Nous avons marché dans de nombreux alpages, croisant souvent les fermiers faisant les foins et oeuvrant dans leurs champs. Nous avons parfois eu des doutes quant à l’itinéraire puisque la piste était recouverte d’herbe coupée et que nous ne voyions nullement où passer, mais les panneaux suivants étaient généralement repérables et nous avancions dans leur direction.

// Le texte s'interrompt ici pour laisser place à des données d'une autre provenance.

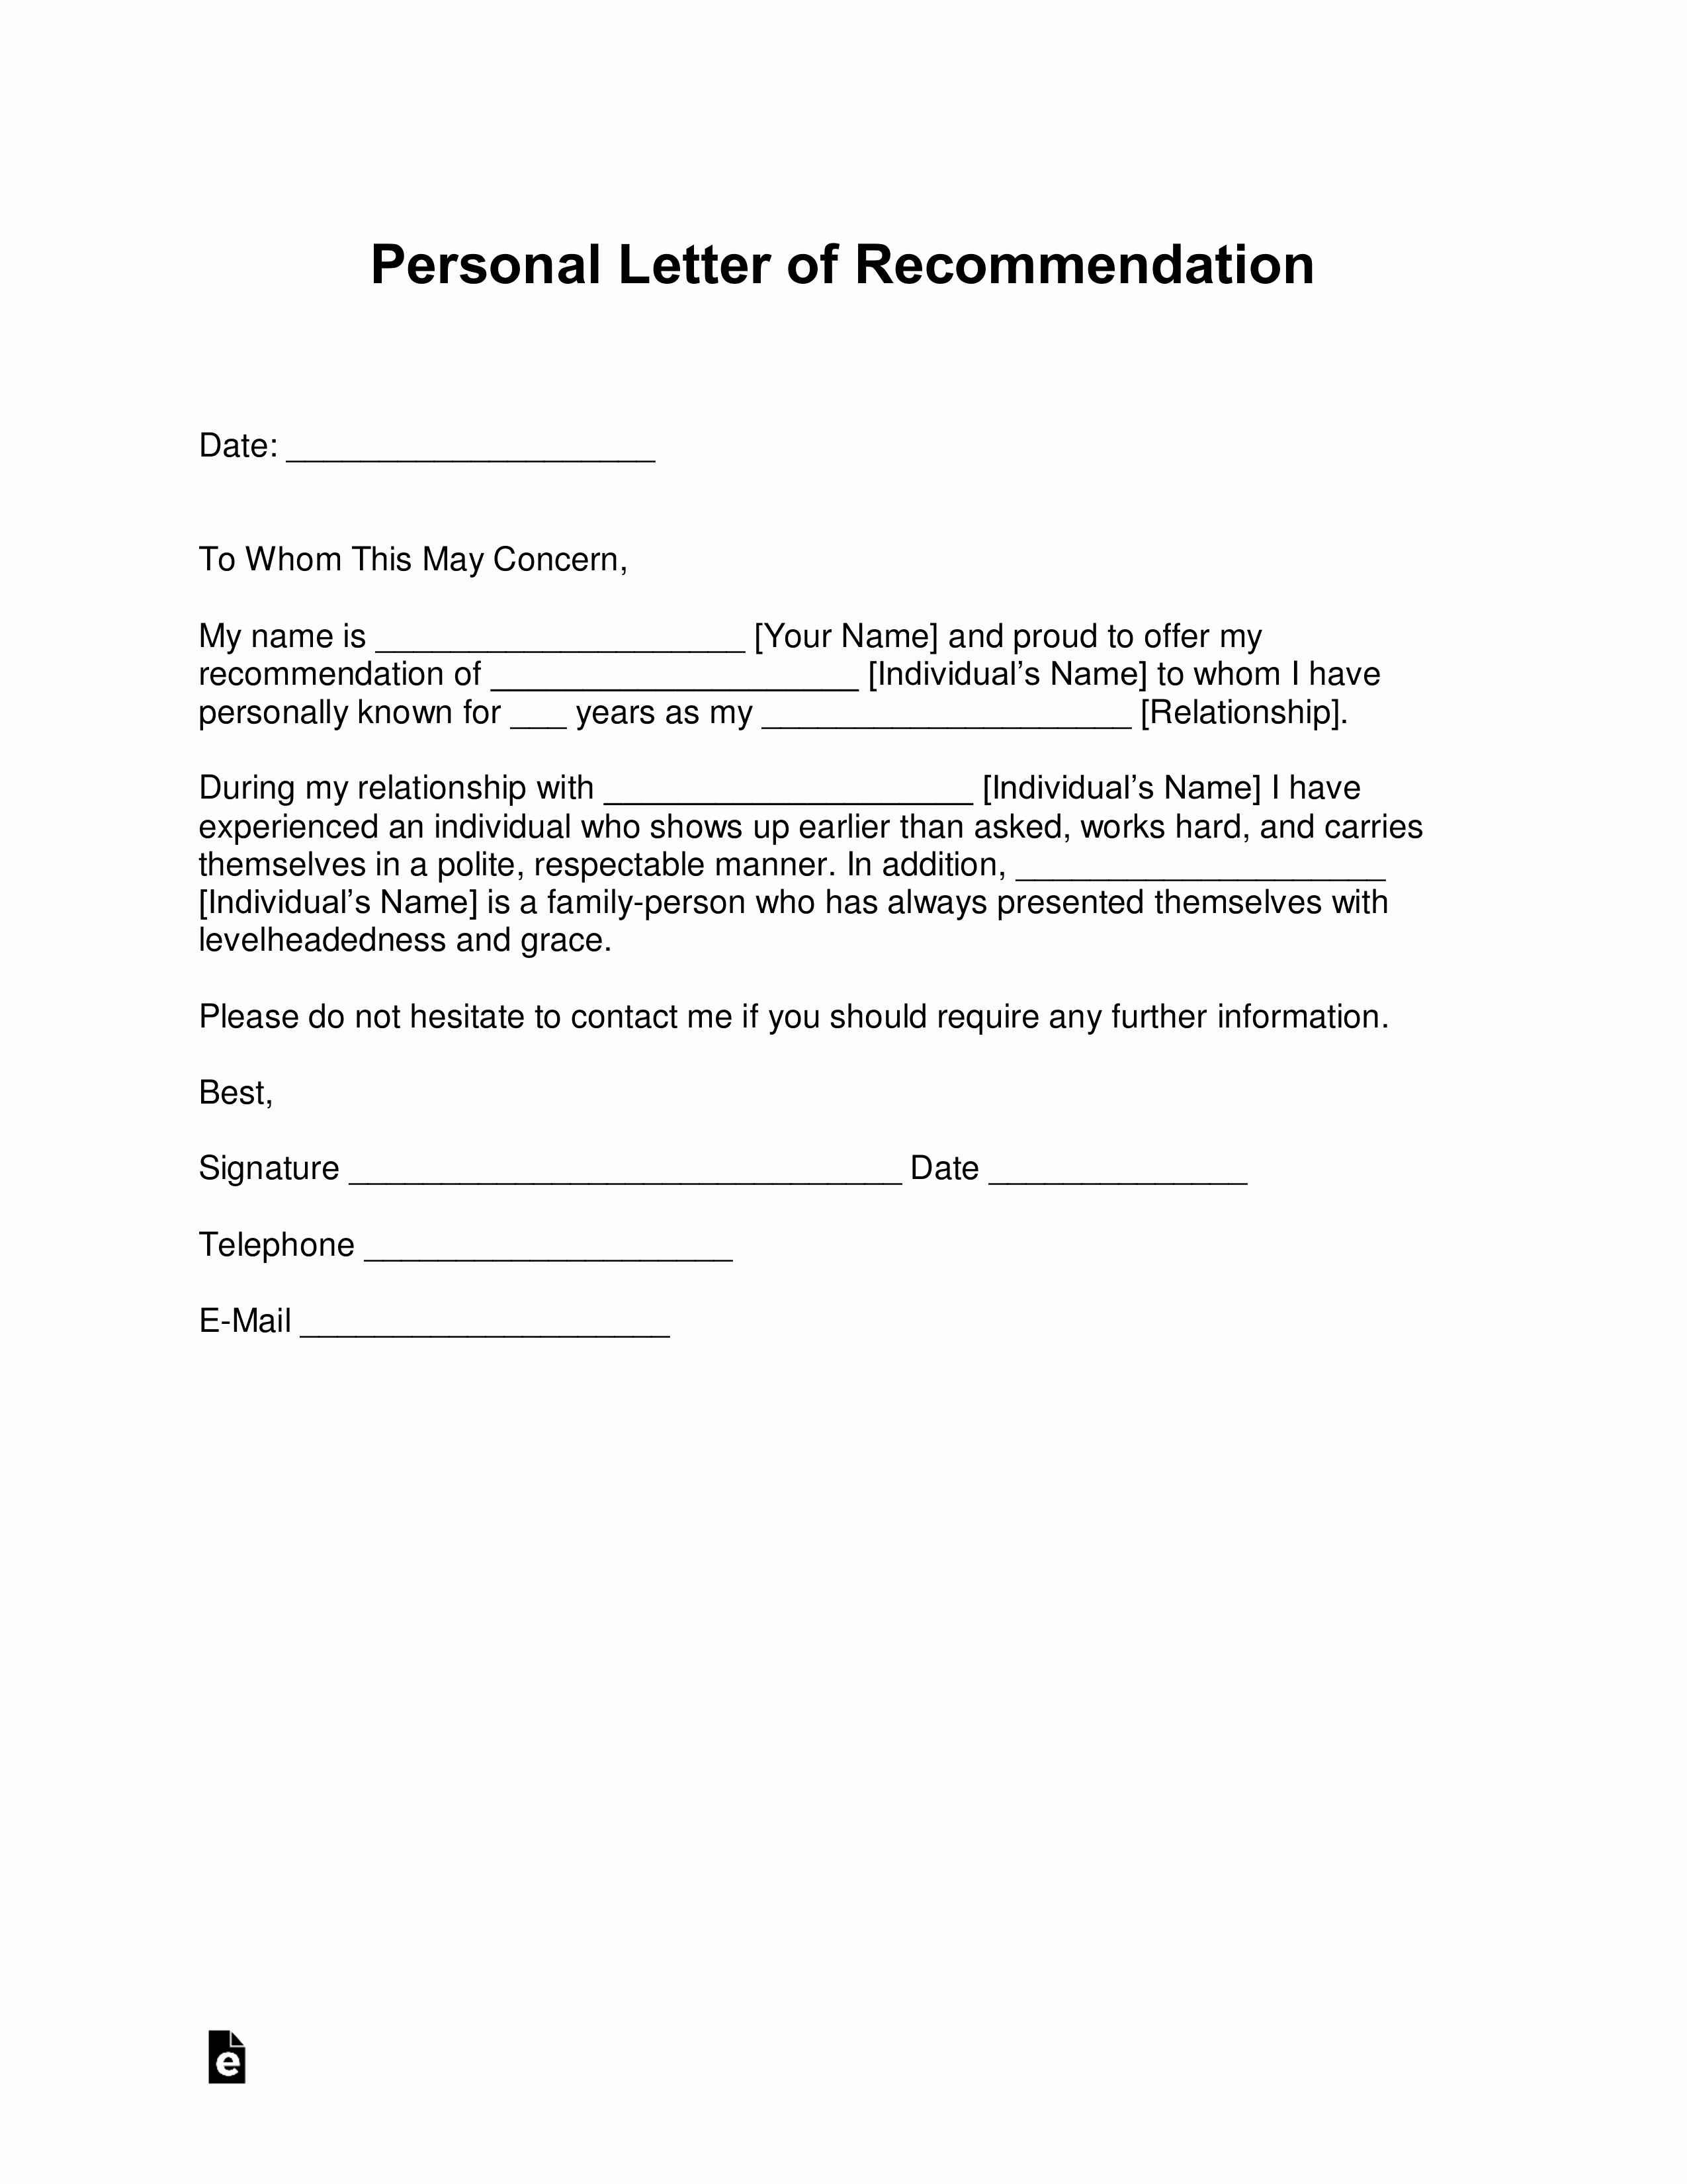 Personal Letter Of Recommendation Template Luxury Free Personal Letter Of Re Mendation Template for A

Une fois parvenus à une petite rivière au doux nom écossais (Chastenloch), la route remontait sévèrement jusqu’à Trogen. Il s’agit du village où se tenait auparavant la Landsgemeinde du canton d’Appenzell Rhodes extérieures, et sa grande place est ceinte d’immeubles impresionnants de par leur taille et leurs décors. Malheureusement, la place est en travaux et notre visite s’est révélée très brève. Nous avons rapidement quitté le centre pour rejoindre notre hébergement vétuste.